▸ **Instructions to follow**
An exact copy of the listing is required, with its pictures removed.

▸ **Available data**
[Start of Attachment]

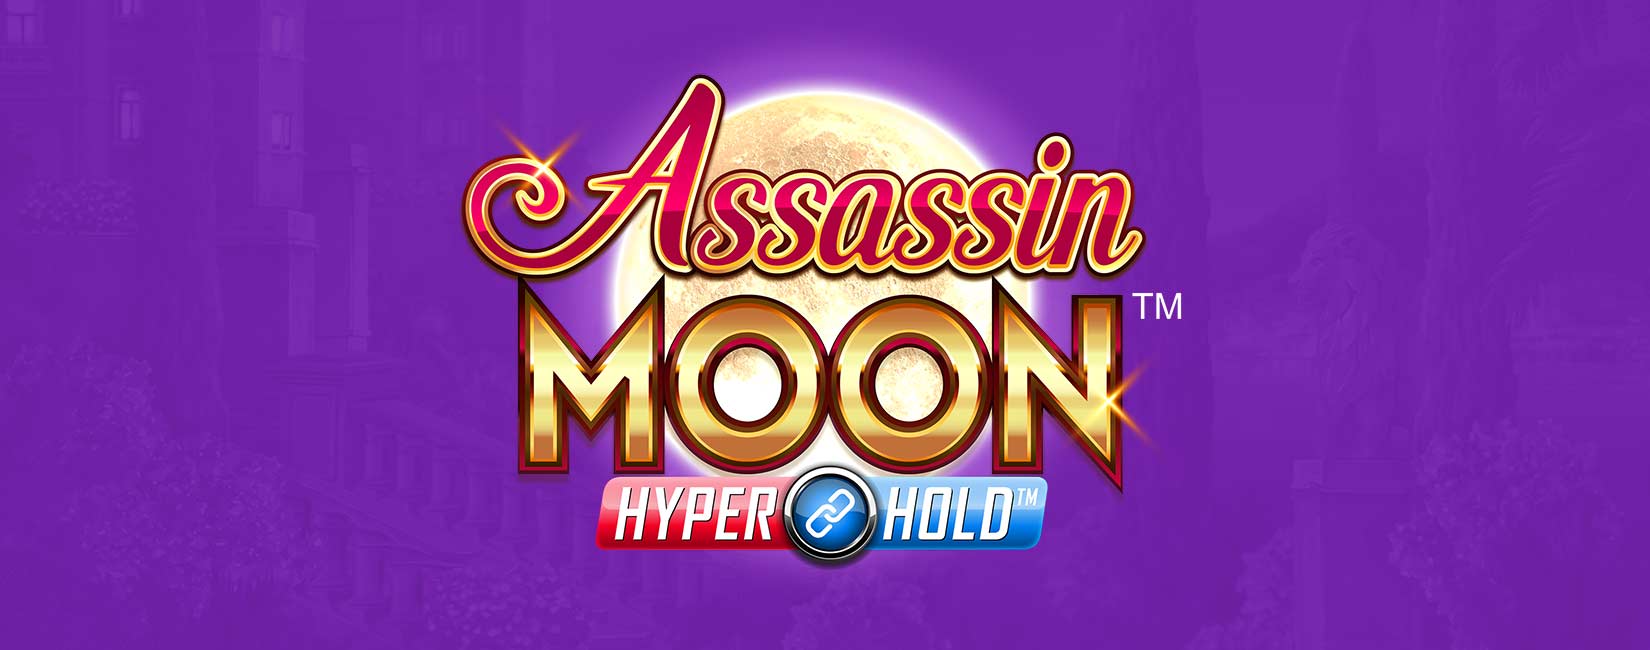 CRE-287830-GC-January Reviews Digital Design Assassin Moon Slot-Page Banner-1650x650
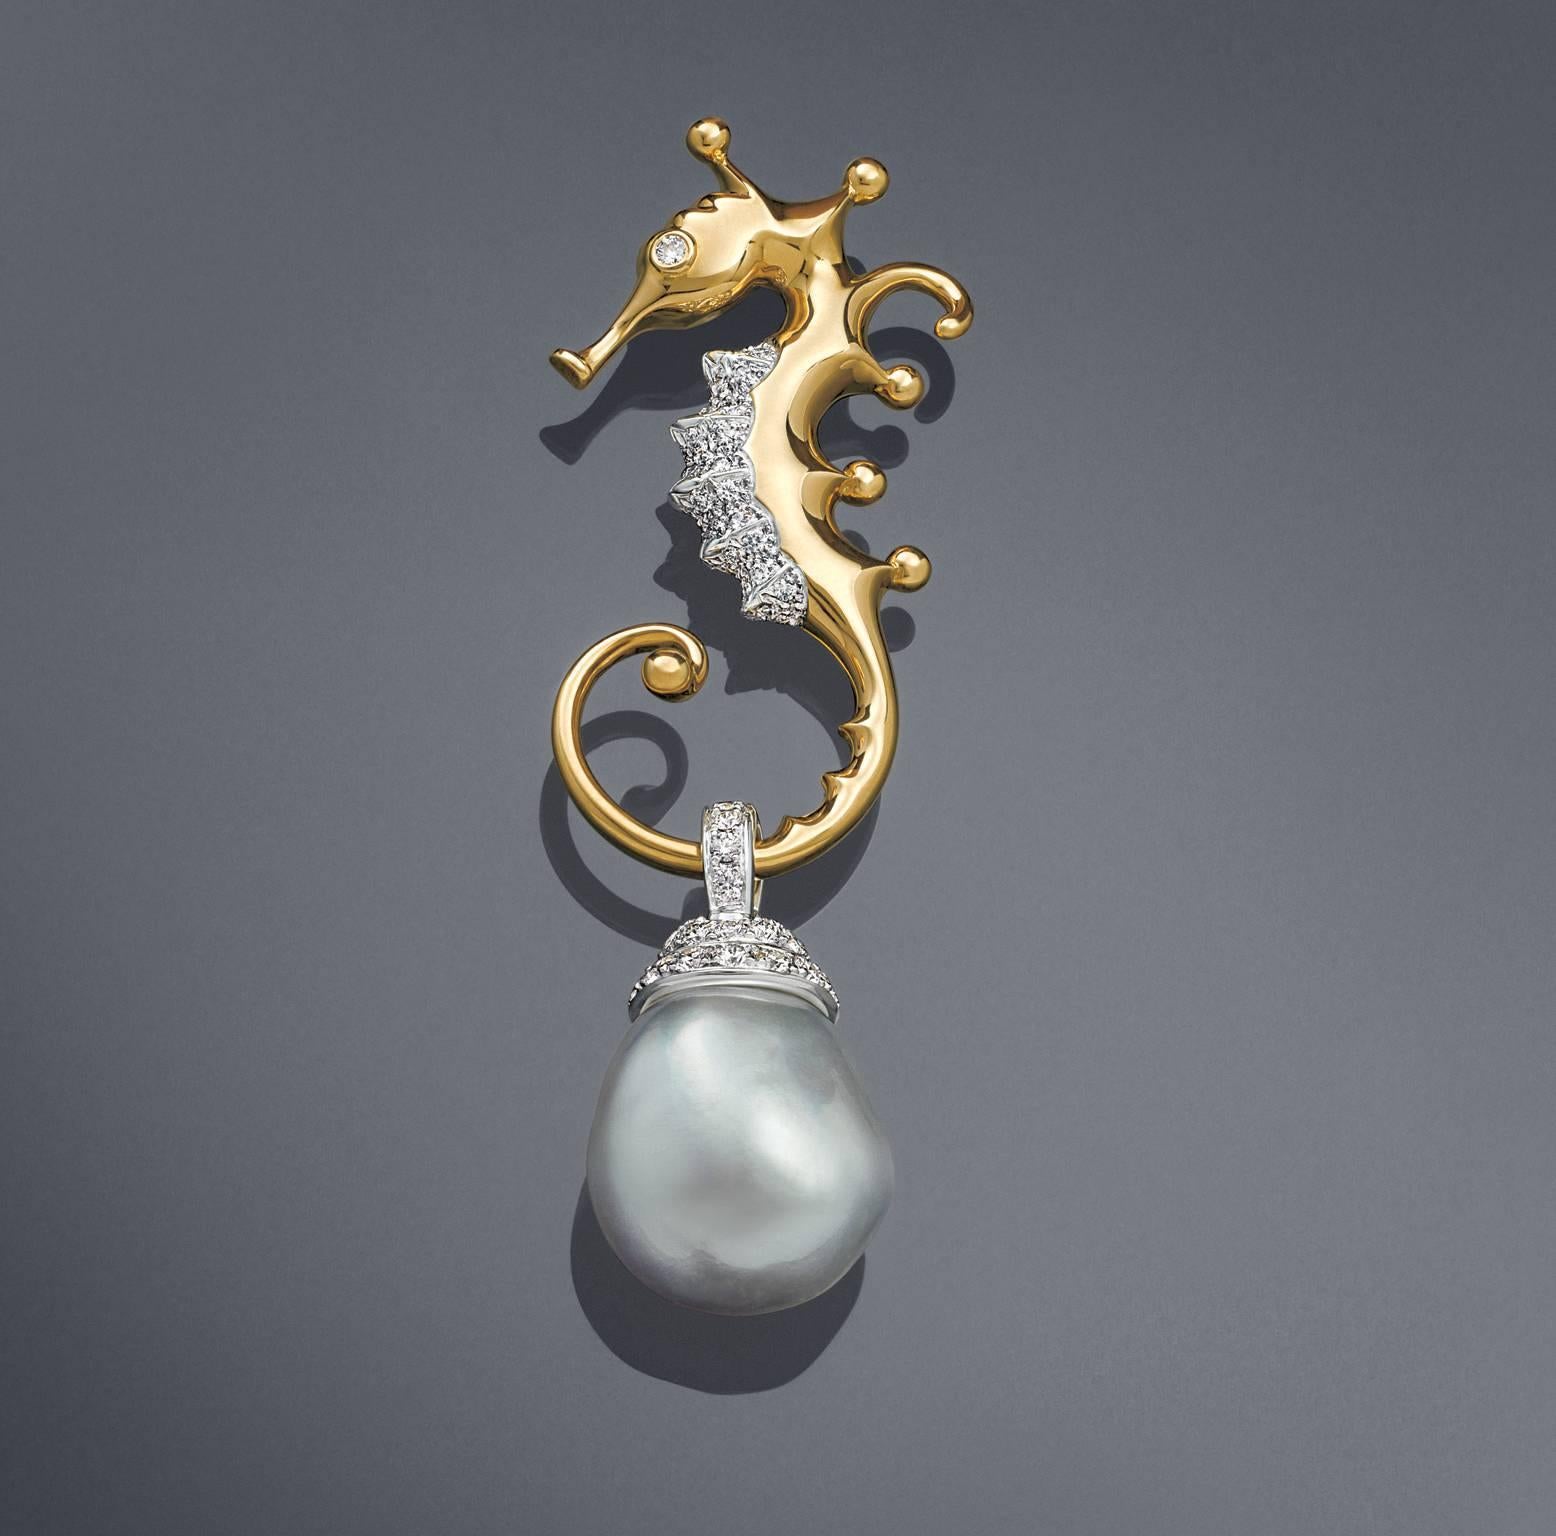 An exquisitely rendered, sculpted seahorse sits gracefully above a single Baroque Pearl pendant in this whimsical, yet supremely elegant brooch. Brooch is Platinum and 18K Yellow Gold. Designed by Angela Cummings for Assael of New York.

Gem

[End of Attachment]

▸ **Task output**
 CRE-287830-GC-January Reviews Digital Design Assassin Moon Slot-Page Banner-1650x650
 An exquisitely rendered, sculpted seahorse sits gracefully above a single Baroque Pearl pendant in this whimsical, yet supremely elegant brooch. Brooch is Platinum and 18K Yellow Gold. Designed by Angela Cummings for Assael of New York.

Gem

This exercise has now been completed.